ABOUT THIS TASK:
No pictures go into the copy. Write out every line below exactly.

MATERIAL PROVIDED:

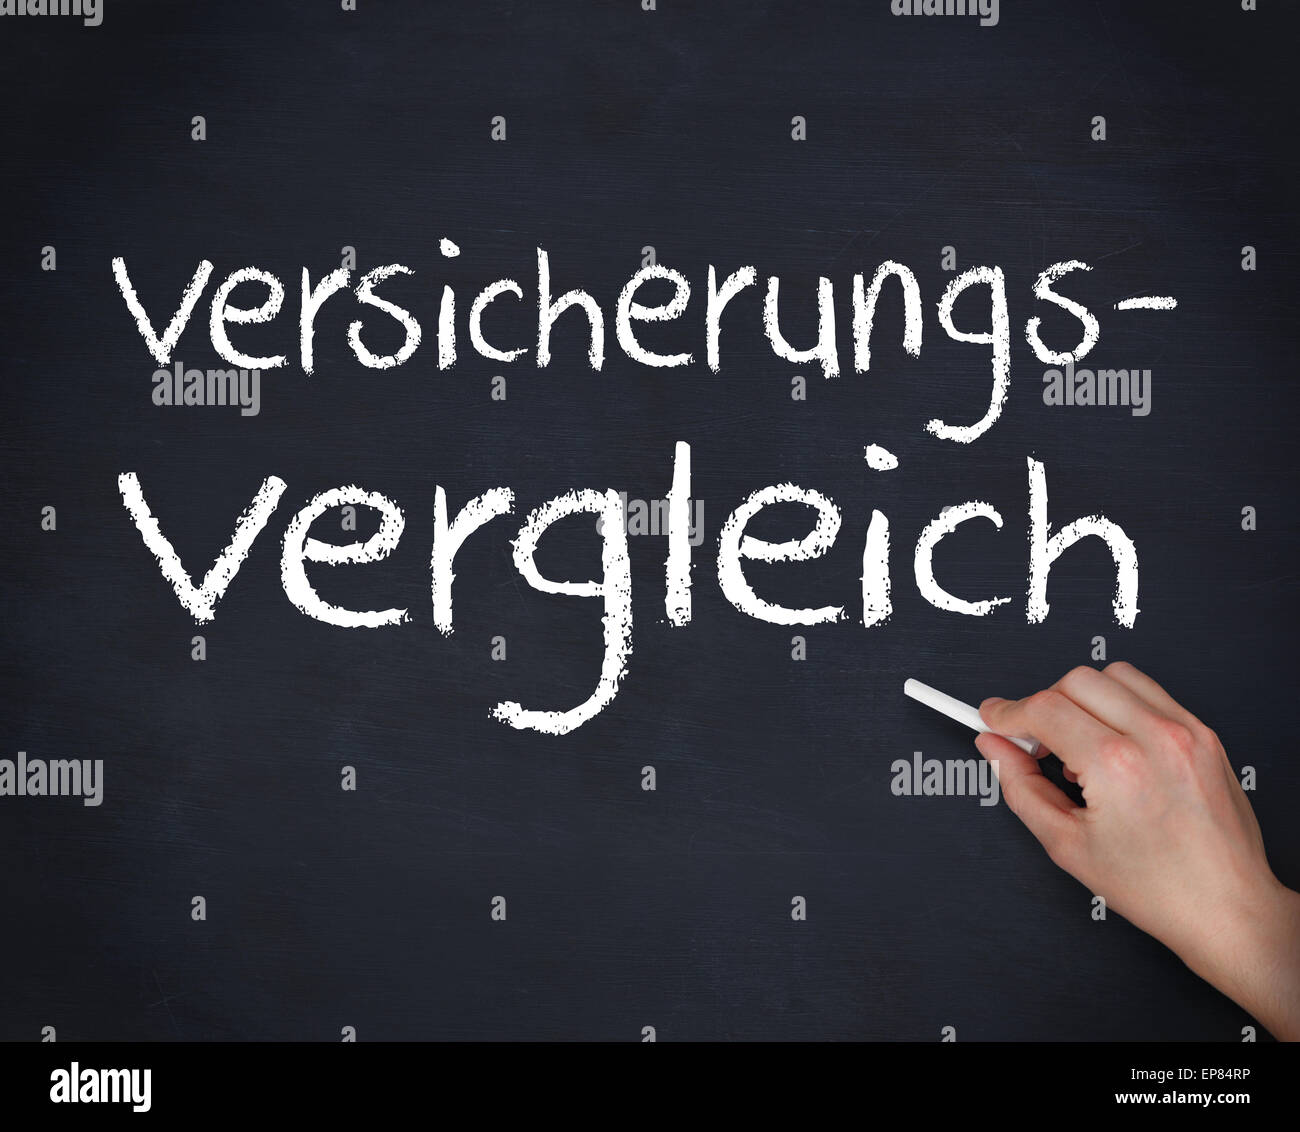 Hand writing words versicherungs and vergleich Stock Photo
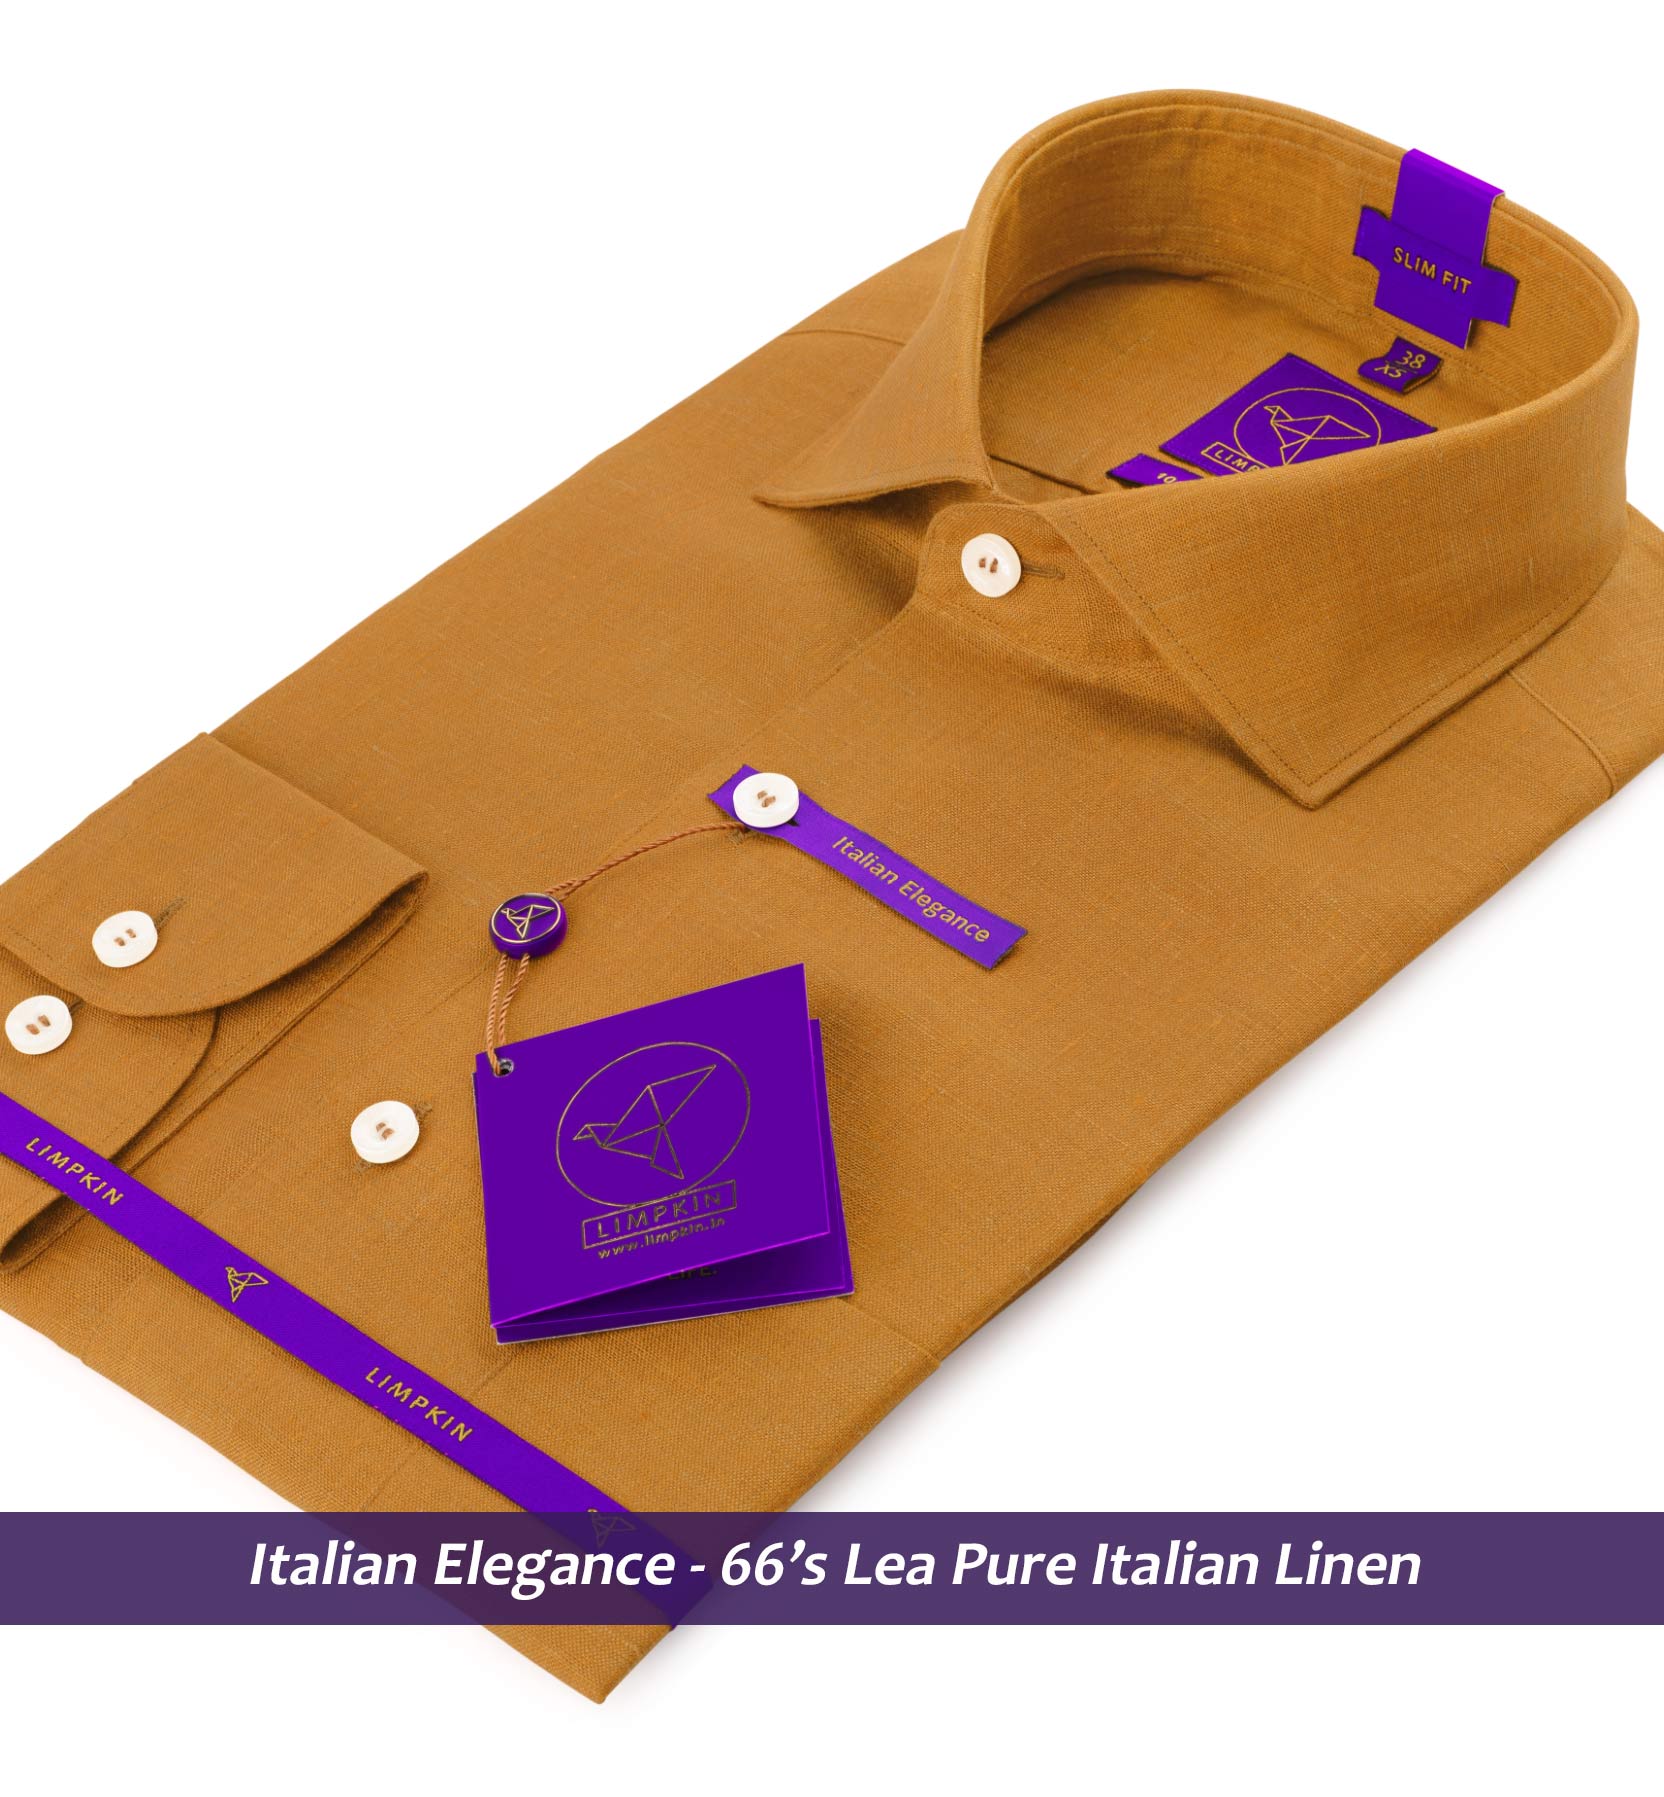 Moscow- Caramel Solid Linen- 66's Lea Pure Italian Linen
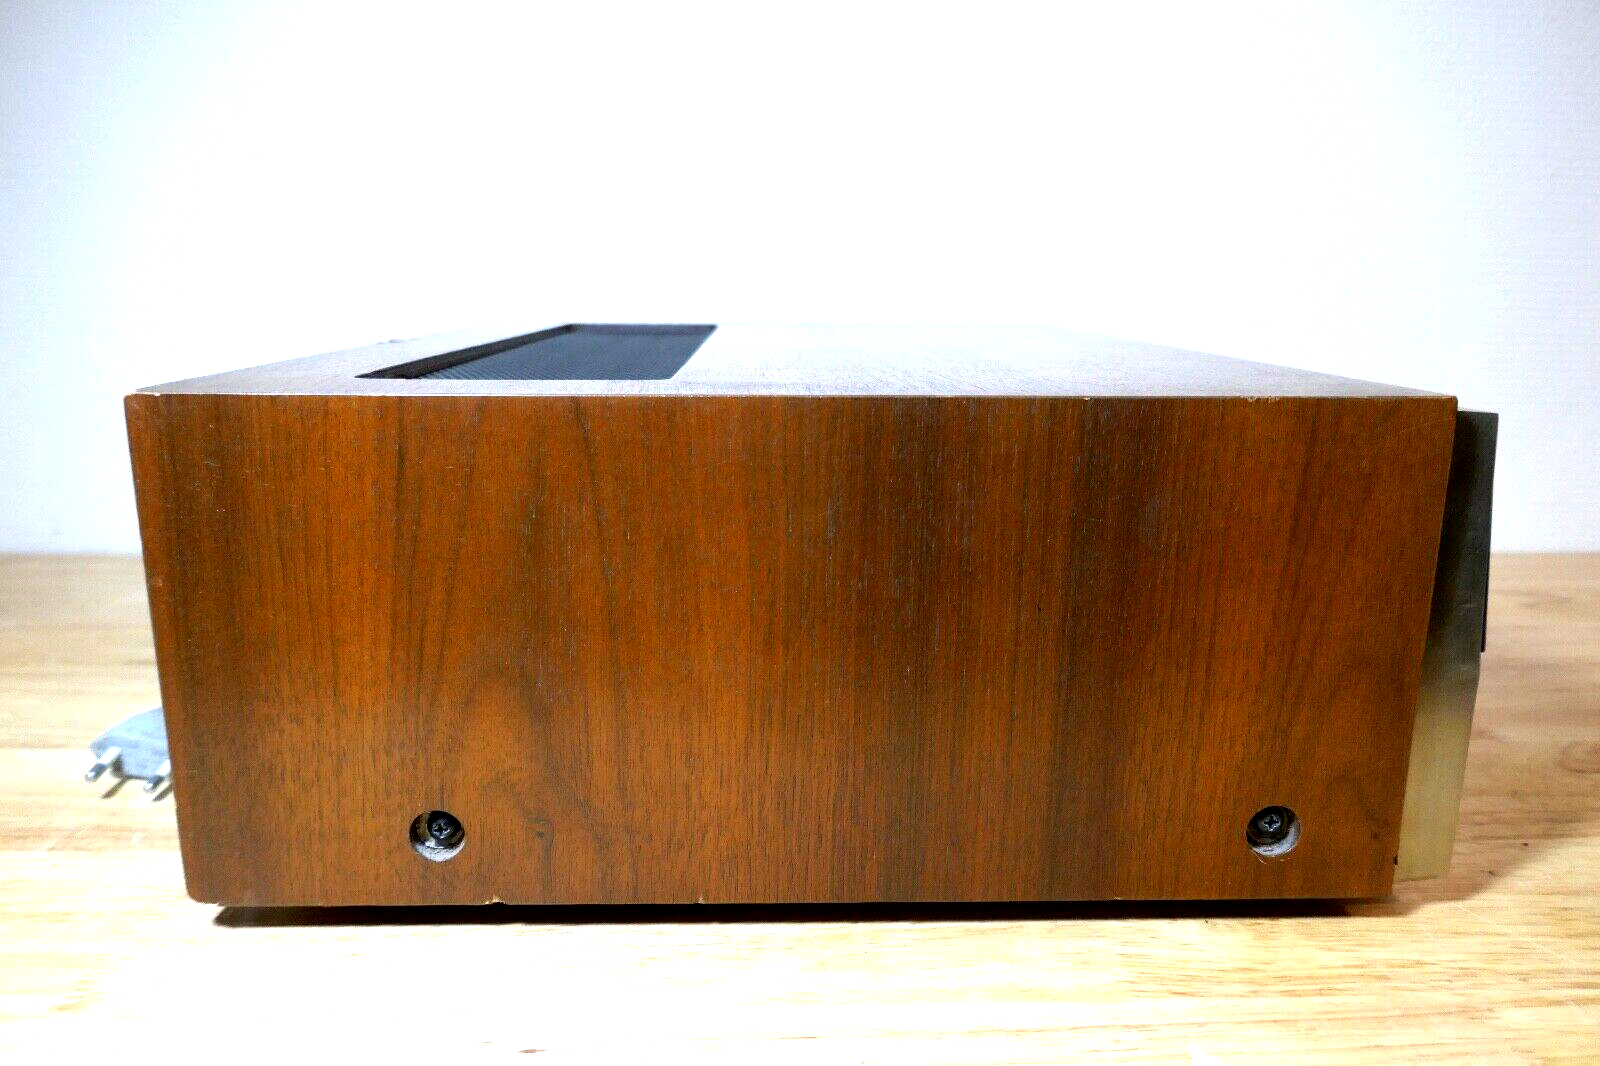 amplifier amplificateur kenwood kr-4200 vintage occasion

SOLUTION TO THIS PROBLEM:
 Hand writing words versicherungs and vergleich Stock Photo
 Moscow- Caramel Solid Linen- 66's Lea Pure Italian Linen
 amplifier amplificateur kenwood kr-4200 vintage occasion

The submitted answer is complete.